Yoo Hoo! What's Going on Over There??

Here is a report from the women's side in shul. 

I am not complaining, chas v'shalom.  I personally really love going to shul.  All I want you men to know is that we women often have NO IDEA what is going on over on your side. 

For example, here are some common problems and my suggestions for solutions:

New father goes up for his aliyah, and we hear (we think) that the mi shebayrach has morphed into a baby naming.  We get all excited, straining to hear the name.  The the gabbai says it - too fast, too low.  We miss it, every time.  Then the whispering starts.  Every single woman turns to the woman next to her and says, "Did you hear it?"  "I think I did, but it sounded like 'Crocus Pizza' - that can't be right, can it?"  Well not unless the mother was a Hollywood star.

  • SOLUTION:  Please ask the new parents to have a poster ready with the name of the baby on it that the father can hold up immediately after the naming.  Oh, and a brief explanation of who she is named for wouldn't hurt, if it isn't too much trouble. Oh, and please the full names, cities of residence, professions, and relations to local people of the parents, grandparents, and great grandparents.  Again, if it isn't too much trouble.

Yes, we are also interested in who gets aliyos.  But can we tell who they are?  Almost never.  First of all, the man usually starts putting his tallis over his head before he gets up there.  Second of all, the voice is muffled by the tallis, so we can't tell that way either. 
  • SOLUTION:  Would it be possible for the men to have a sign on the back of their talleisim with their names please?  Oh, and some identification, like "Shmuel Schwartz, the new son in law of the Goldberg family, he is learning in Telz and his parents are - yes, you are right - Malkie and Hillel Schwartz of Cleveland!  Yes!  originally from Flatbush!"

So, we women are, thank you very much, mostly comfortable with the usual flow of things in davening.  We know when to get up, when to sit down, when to be half and half.  But then there are the days when things are different, for whatever reason.  Like the first Shabbos after the third Thursday in August (can you tell I went to public school?  They did NOT teach this stuff in Pikesville Senior High, the nerve of them) - when they say an extra perek of this or that.  And we just don't always know what's going on.  Sometimes our neighbor does, but sometimes not.  Then we all stand (or sit) there trying not to look totally and completely lost.  The men are rushing at 200 mph through something and we don't know what it is.  We know we should be doing SOMETHING so we look at our siddurim as if they will magically tell us what to do.
  • SOLUTION:  I have none.  Other than using an Artscroll siddur, which, bless them, practically tells you when to breathe, or going back to the old ways of having everyone use the same siddur and having some young boy announce the page, what do we do about this?
Sometimes in shul everything stops and we know that something is going on but we don't know what it is.  It could be a problem with the sefer Torah, chas v'shalom someone isn't feeling well, a child just spilled an entire bag of treats on the bimah, etc.
  • SOLUTION:  Breaking News alerters - a young child can be sent into the women's section with an explanation of what is going on.   Who knows, this boychik could become the next Walter Cronkite and his career would have started in shul!
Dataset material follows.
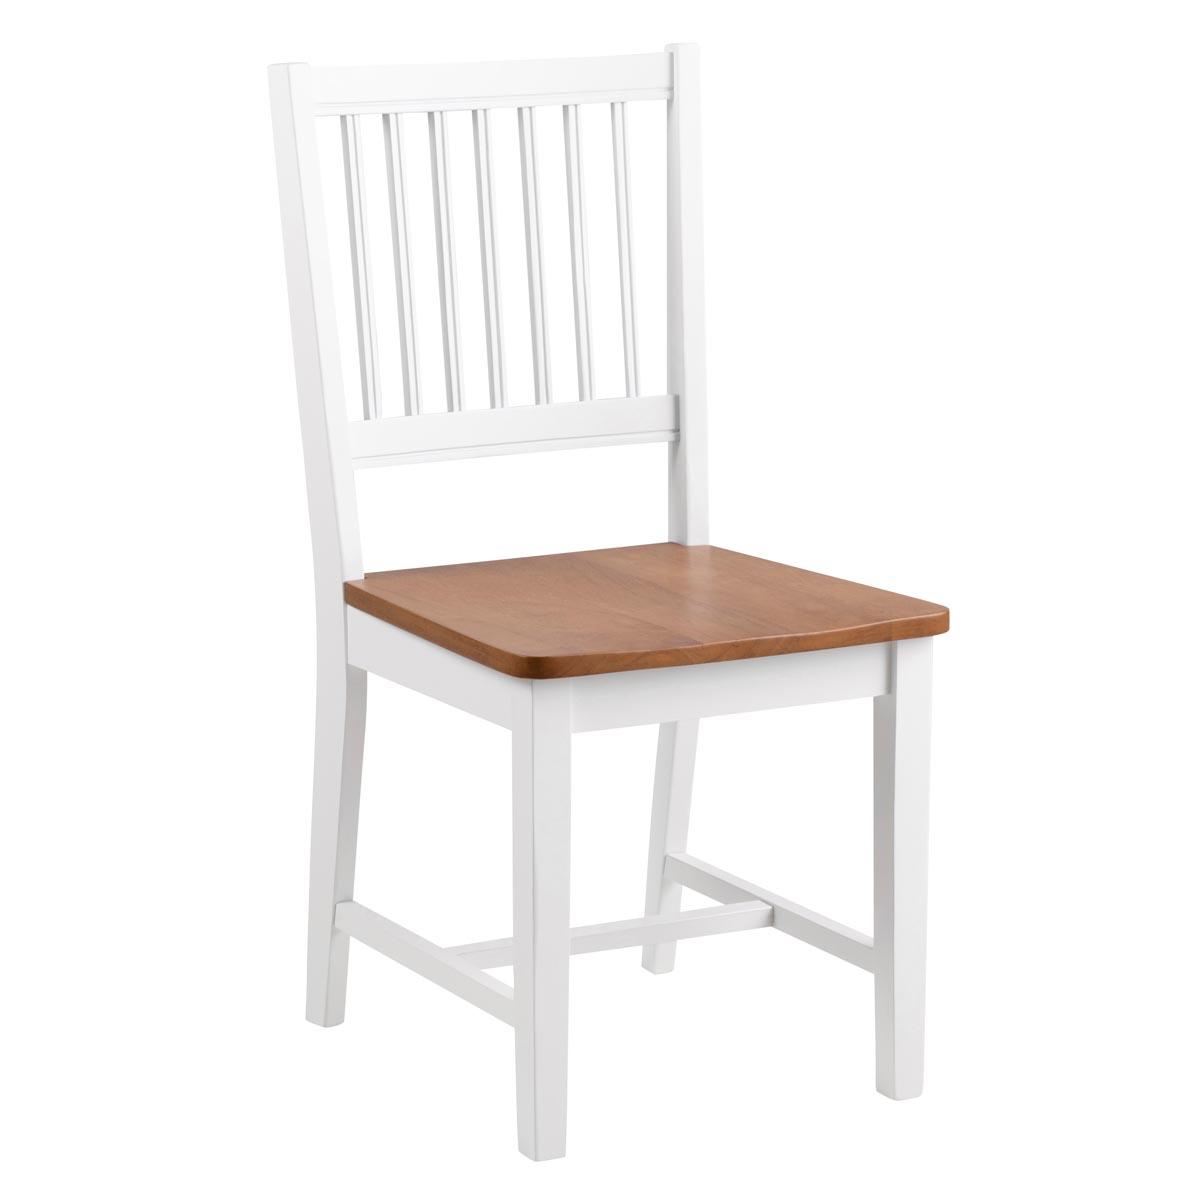 BRISBANE-stol-vinkel1

I always tell my husband that he should daven behind a mechitza sometime to see what it's like to daven behind a partition. It takes a lot more energy and focus on our part, and I think we deserve a lot of credit for that.

Of course we are women, so we have more focus and energy. [OOH, did I say that out loud?]
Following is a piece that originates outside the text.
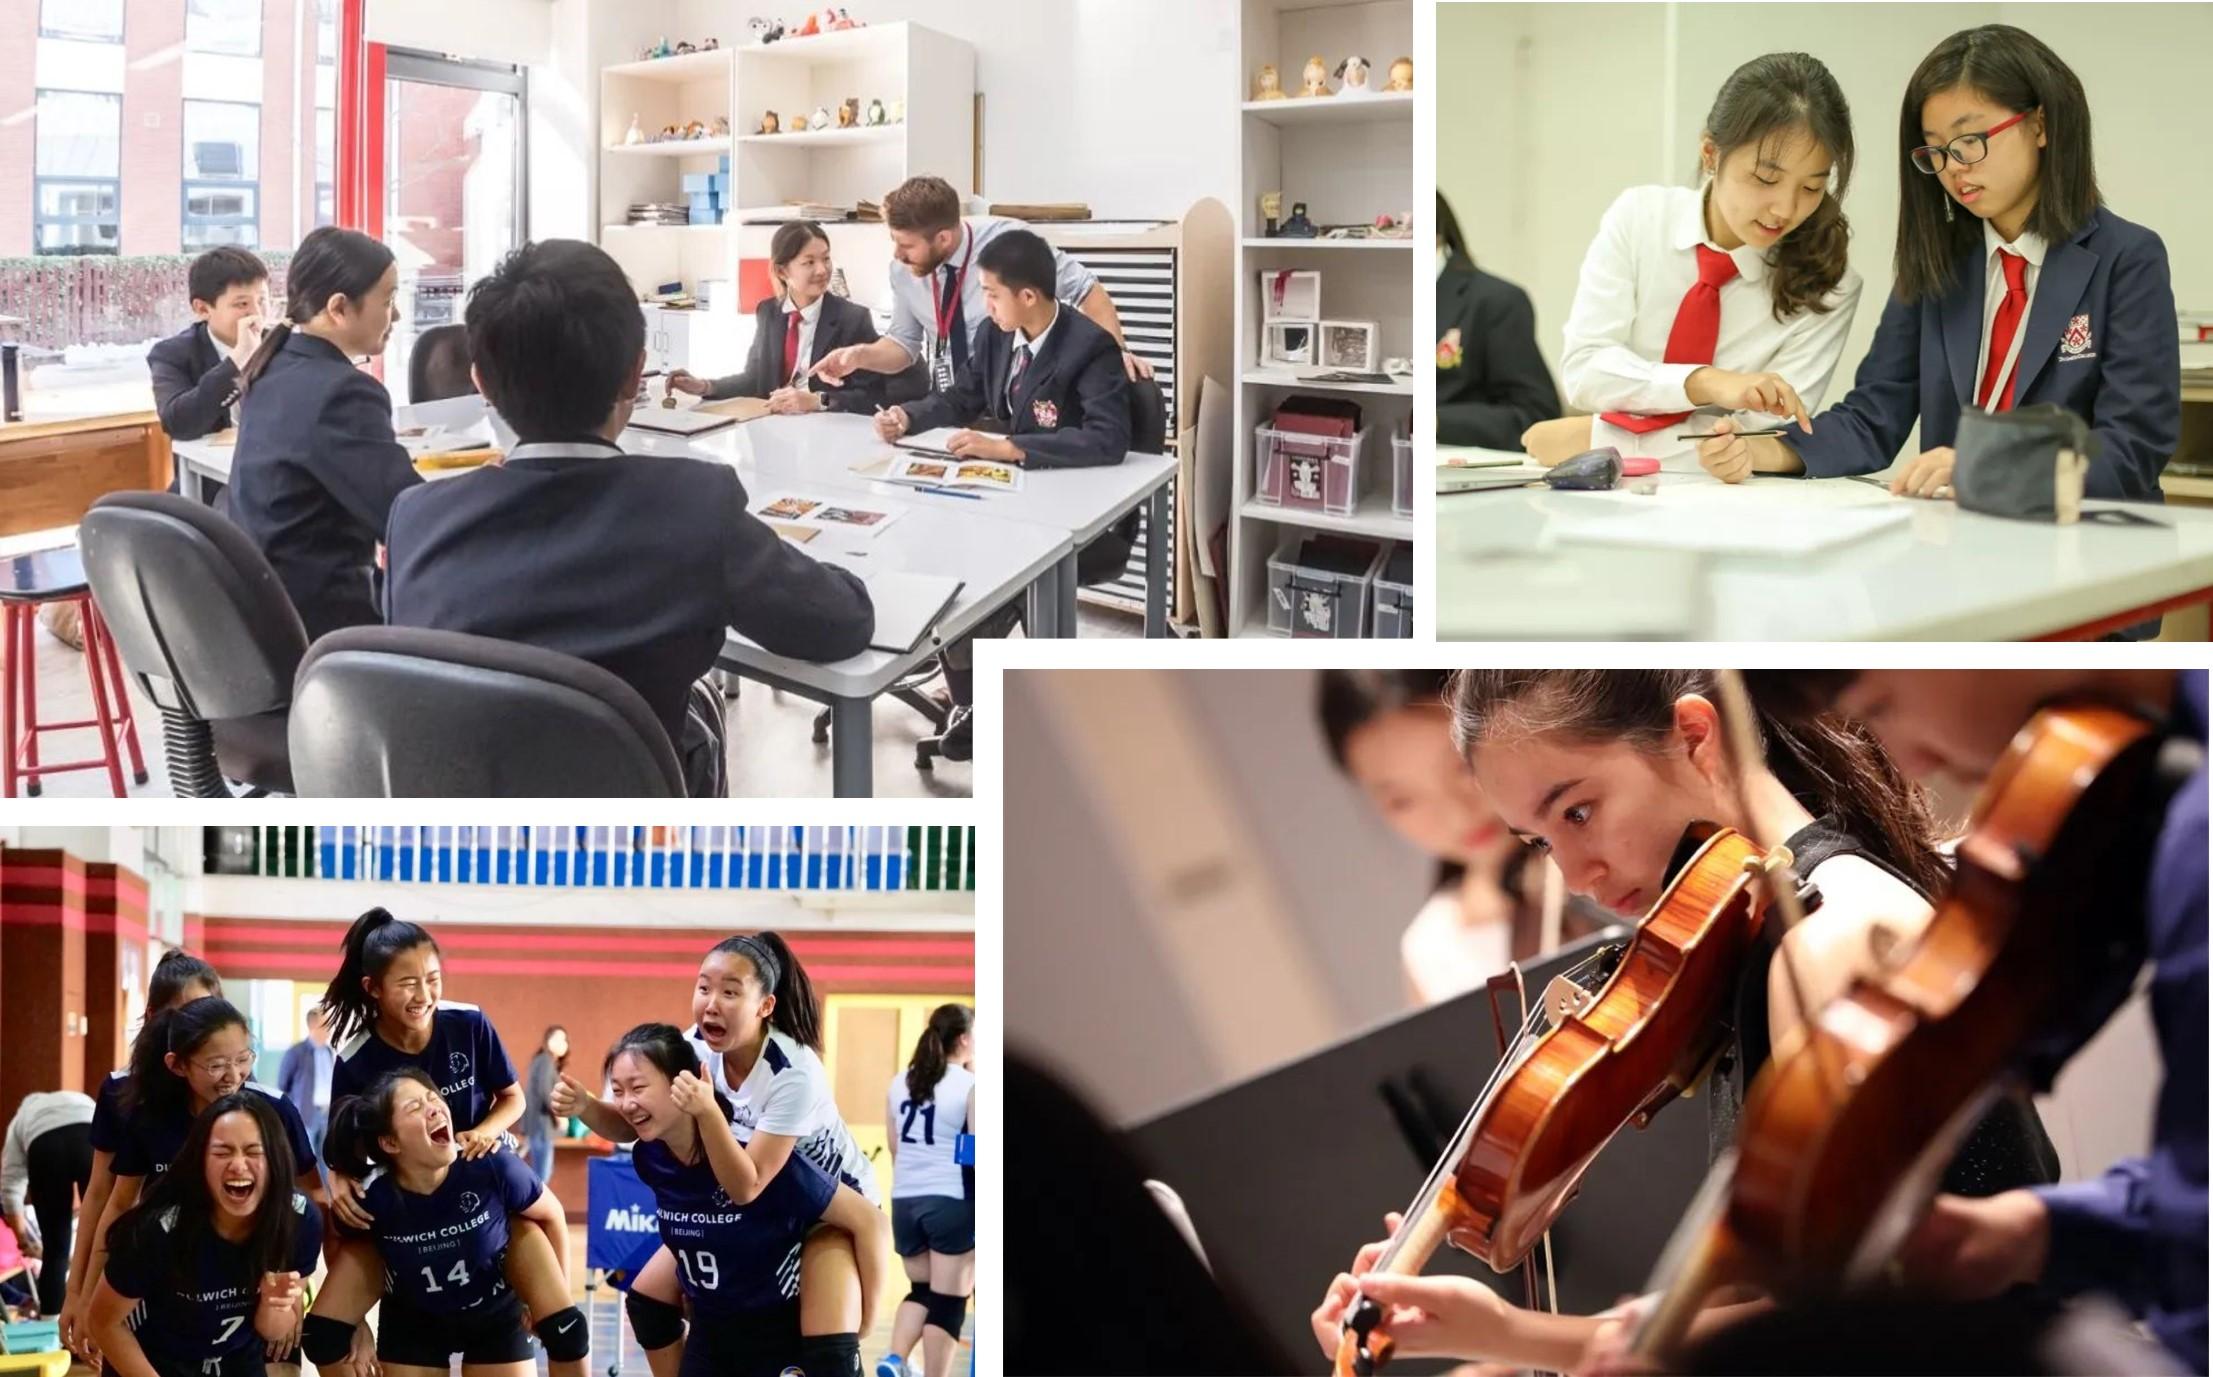 senior-school-students-Dulwich_College_Beijing-20200907-105908-407

  1. One of the things I love about going to my Chabad in FL - everyone uses the same siddur and chumash, and the Rabbi announces what page we are on at regular intervals. When I come "home" to Baltimore and go to Darchei Tzedek, I have no idea how everyone knows what the parsha is, what page the haftorah is on, etc.
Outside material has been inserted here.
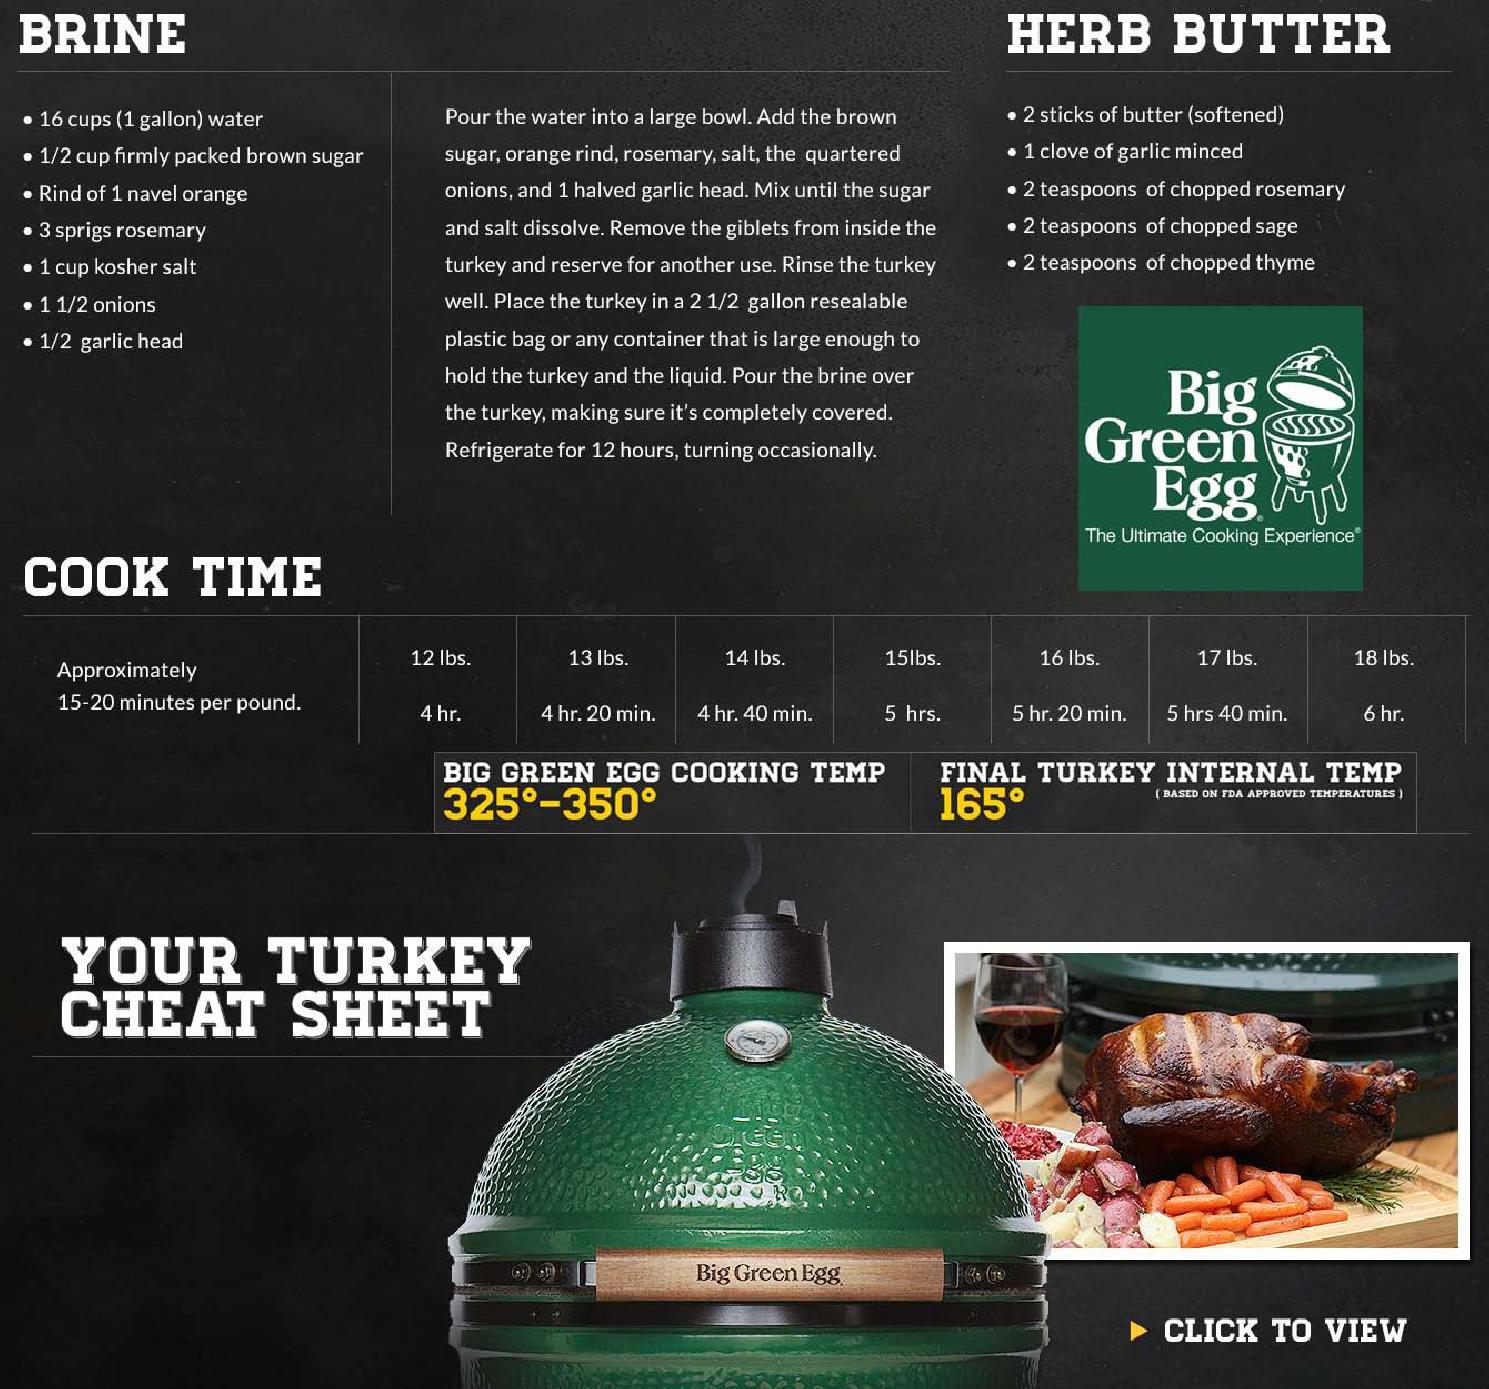 Big Green Egg Thanksgiving Turkey  Big Green Egg Thanksgiving Turkey Cheat Sheet by Big Green

  2. You are truly an elevated human being. I have all the same issues about being a woman in an Orthodox shul (and, oh! so many more) but when I talk about them, I am so angry, it's hard for me to speak calmly, let alone with humor. I'm mighty impressed with your take. It doesn't make me any less angry, but it does demonstrate how it's possible that these things don't enrage every other woman in shul.